• **Exercise aim**
Leaving the pictures aside, transcribe every line below exactly.

• **Data section**
[Start of Attachment]

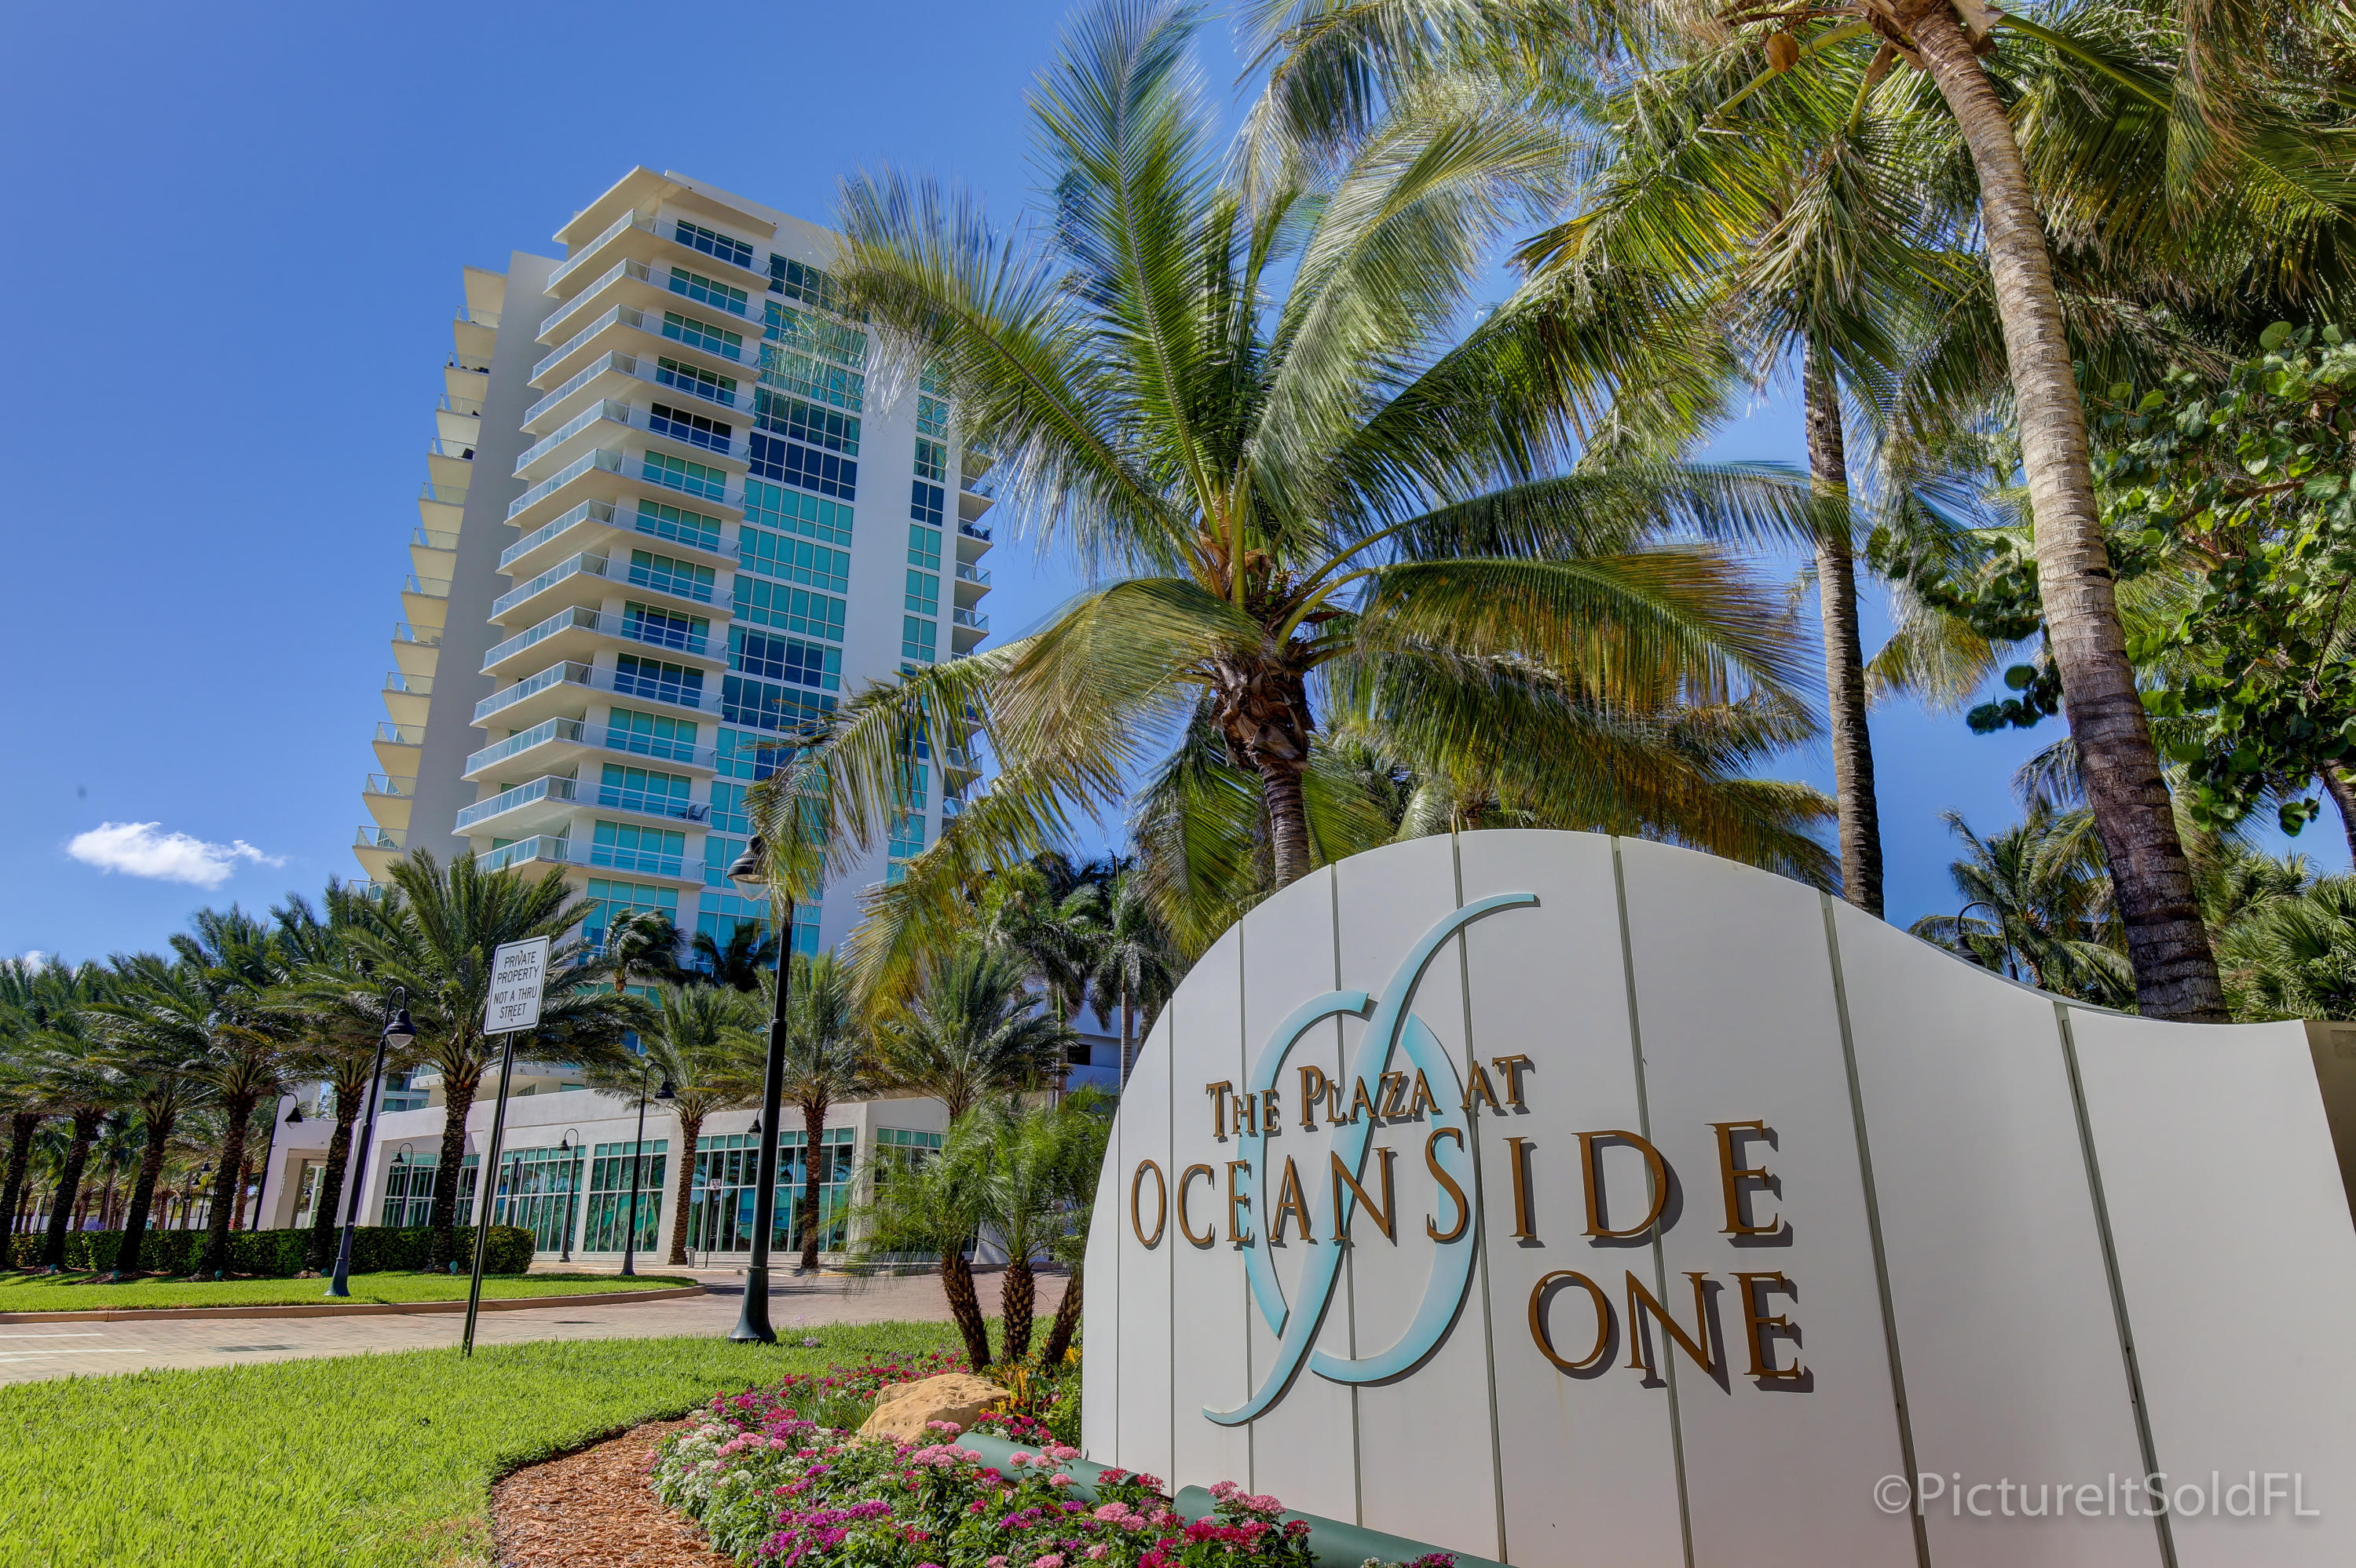 The Plaza at Oceanside
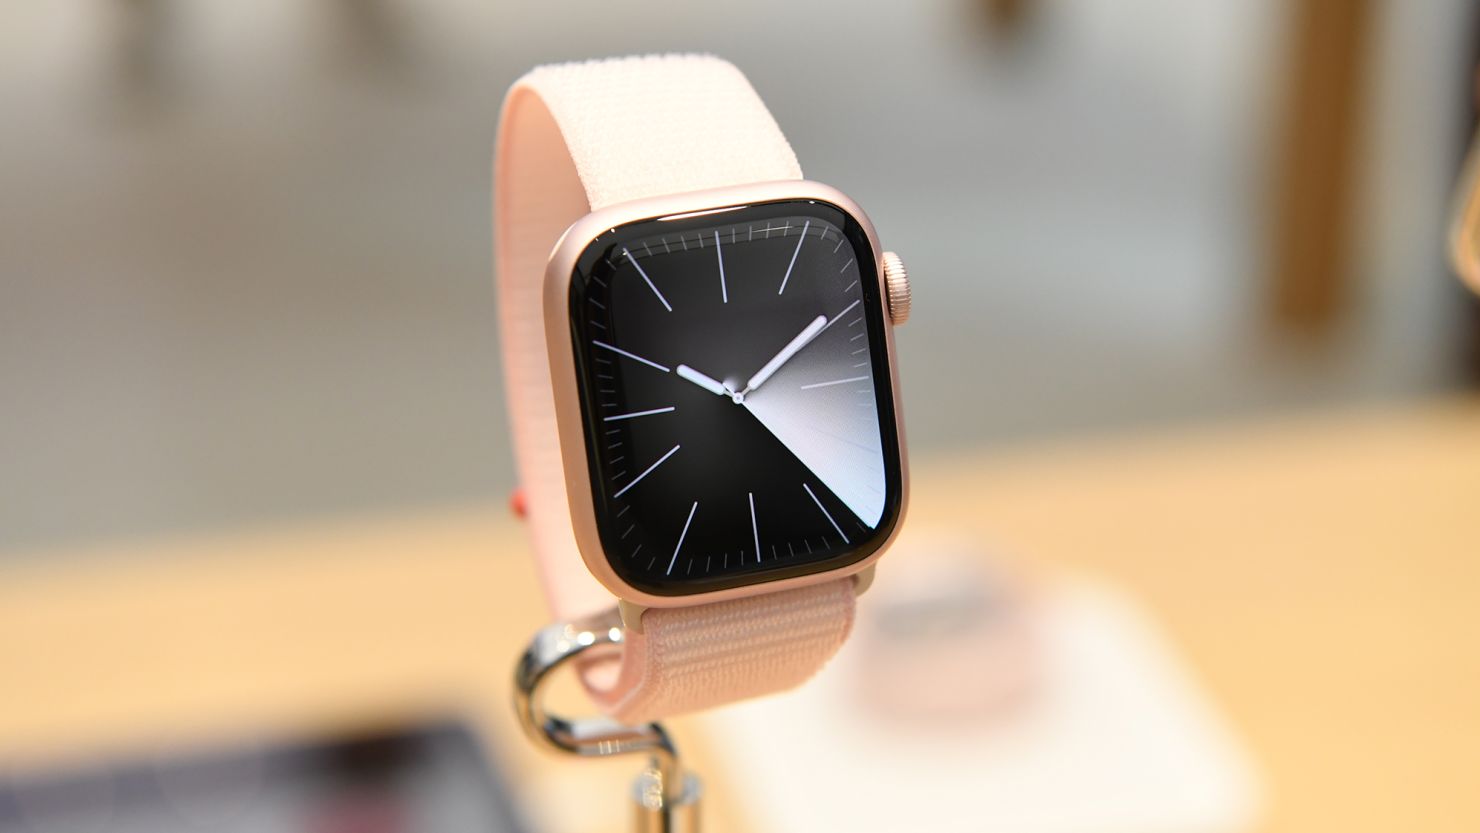 SYDNEY, AUSTRALIA - SEPTEMBER 22: The new Apple Watch carbon neutral version at the Australian release of the latest iPhone and Apple Watch models at the Apple Store on September 22, 2023 in Sydney, Australia. Apple launched its lineup of the latest iPhone 15 versions as well as other product upgrades such as the Apple Watch Series 9 and Apple Watch Ultra 2 featuring new design, improved performance and new materials.  (Photo by James D. Morgan/Getty Images)
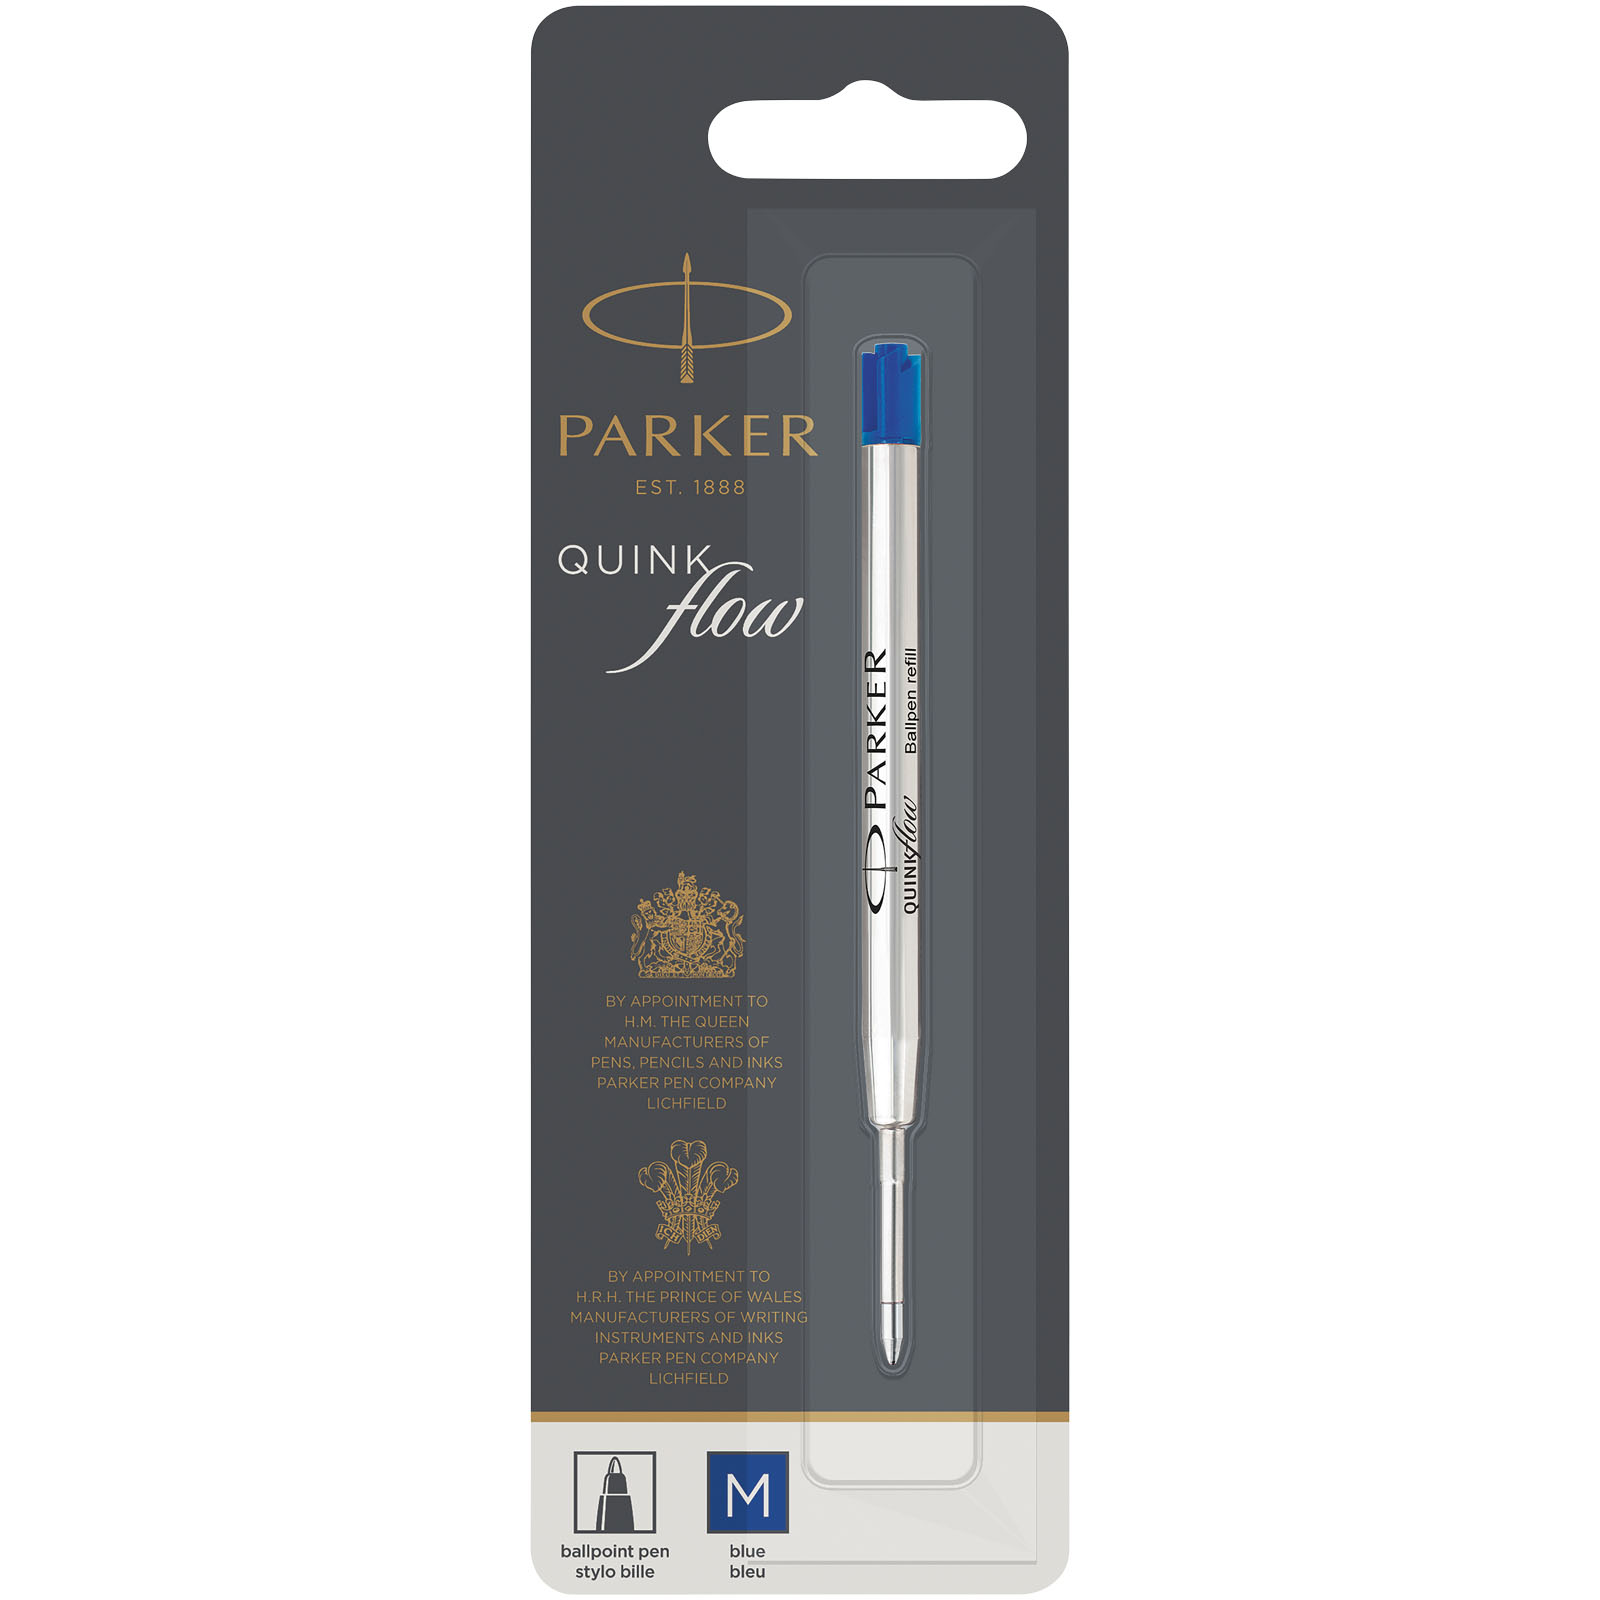 Other Pens & Writing Accessories - Parker Quinkflow ballpoint pen refill

[End of Attachment]

• **Answer space**
 The Plaza at Oceanside
 SYDNEY, AUSTRALIA - SEPTEMBER 22: The new Apple Watch carbon neutral version at the Australian release of the latest iPhone and Apple Watch models at the Apple Store on September 22, 2023 in Sydney, Australia. Apple launched its lineup of the latest iPhone 15 versions as well as other product upgrades such as the Apple Watch Series 9 and Apple Watch Ultra 2 featuring new design, improved performance and new materials.  (Photo by James D. Morgan/Getty Images)
 Other Pens & Writing Accessories - Parker Quinkflow ballpoint pen refill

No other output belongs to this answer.